Im Gespräch mit der Deutschen Welle weist Holmquist den Vorwurf von sich, seine Arbeit sei provozierend: "Drogendealer sind mutig. Ich verstehe überhaupt nicht, was daran kontrovers sein soll. Wenn du einen Job hast, bei dem die Polizei dich jeden Moment festnehmen kann, dann braucht das ein gewisses Maß an Mut und Unerschrockenheit." Er habe die Hoffnung, dass durch seine Arbeit eine Diskussion über Drogengesetze in Deutschland angestoßen werde.

"Ich bin der festen Überzeugung, dass die Arbeit von Drogendealern auch politisch ist. Große deutsche Parteien fordern die Legalisierung von Drogen. In gewisser Weise stehen Drogendealer für zivilen Ungehorsam, auch wenn sie dies nicht mit Absicht tun. Sie brechen dumme Gesetze und schwächen sie auf diese Art. Auf diese Weise helfen sie ganz Deutschland in Richtung einer besseren Drogenpolitik."

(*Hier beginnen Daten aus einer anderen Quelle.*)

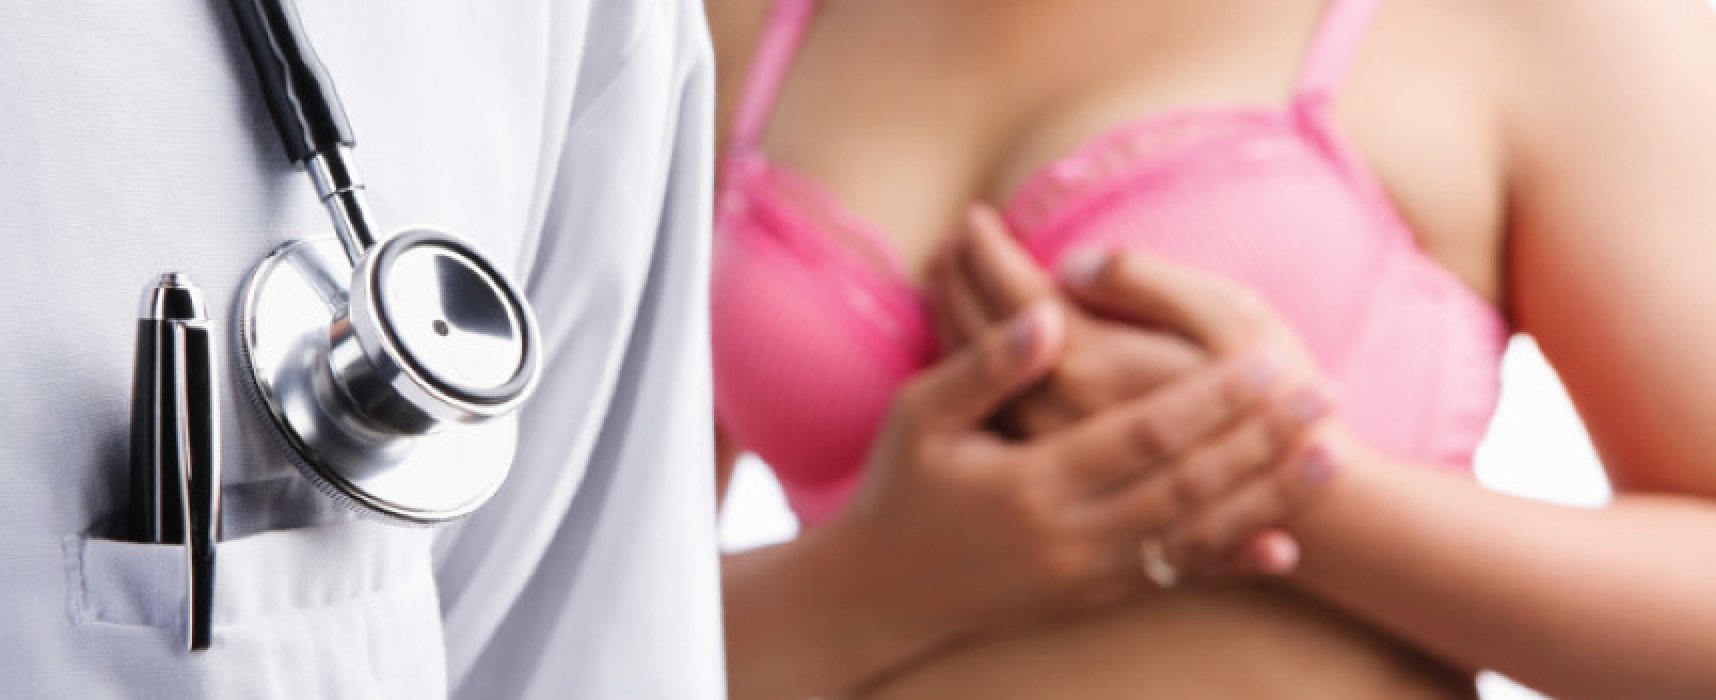 Tumori a Bisceglie, alta incidenza di quello alla prostata per gli uomini e alla mammella per le donne / DATI

Holmquist fügt hinzu, dass ihn die Aufregung in den deutschen Medien über die Ausstellung total überrascht habe: "Ich habe überhaupt nicht mit so einer Reaktion gerechnet. Ich liebe dieses Museum und wollte den Verantwortlichen auf keinen Fall Kopfschmerzen bereiten. "

"Zauberhafte Aufgabe"

Neben dem Thema Migration liegt das wahre Interesse von Holmquist darin, die "magische Aufgabe des Drogendealers" in den Mittelpunkt zu rücken. "Drogen zu kaufen ist für viele Leute ein Risiko. Sie müssen einem Fremden bei einem Handel vertrauen, die Stimmung während der Verkaufssituation ist angespannt. Es gehört somit auch dazu, ein gewisses Maß an Gemeinschaftsgefühl aufzubauen."

Ausstellung über afrikanische Drogenhändler in FHXB Museum in Kreuzberg, Berlin
Die Ausstellung rückt das Leben von 13 afrikanischen Drogendealern in den Mittelpunkt, die in den Parks der Stadt leben. Bild: DW/B. Knight

Die Ausstellung erfährt auch Unterstützung aus der Wissenschaft. Die Kriminologin Bettina Paul von der Uni Hamburg findet es "mutig", dass die Ausstellung versucht, mit "fremdenfeindlichen" Stereotypen über Drogendealer aufzuräumen. "Ich finde die Ausstellung wichtig, da seit Jahrzehnten die irrwitzigsten Ammenmärchen über Drogendealer existieren. Insbesondere, wenn es mit dem Thema Einwanderung und Migration in Verbindung gebracht wird, werden ganz viele Themen zusammengemischt, die nichts miteinander zu tun haben."

Paul gefällt inbesondere der simple Ansatz der Ausstellung: Es werde klar, dass "wir es bei Drogendealern mit Menschen aus Fleisch und Blut zu tun" hätten,"und nicht mit Klischees".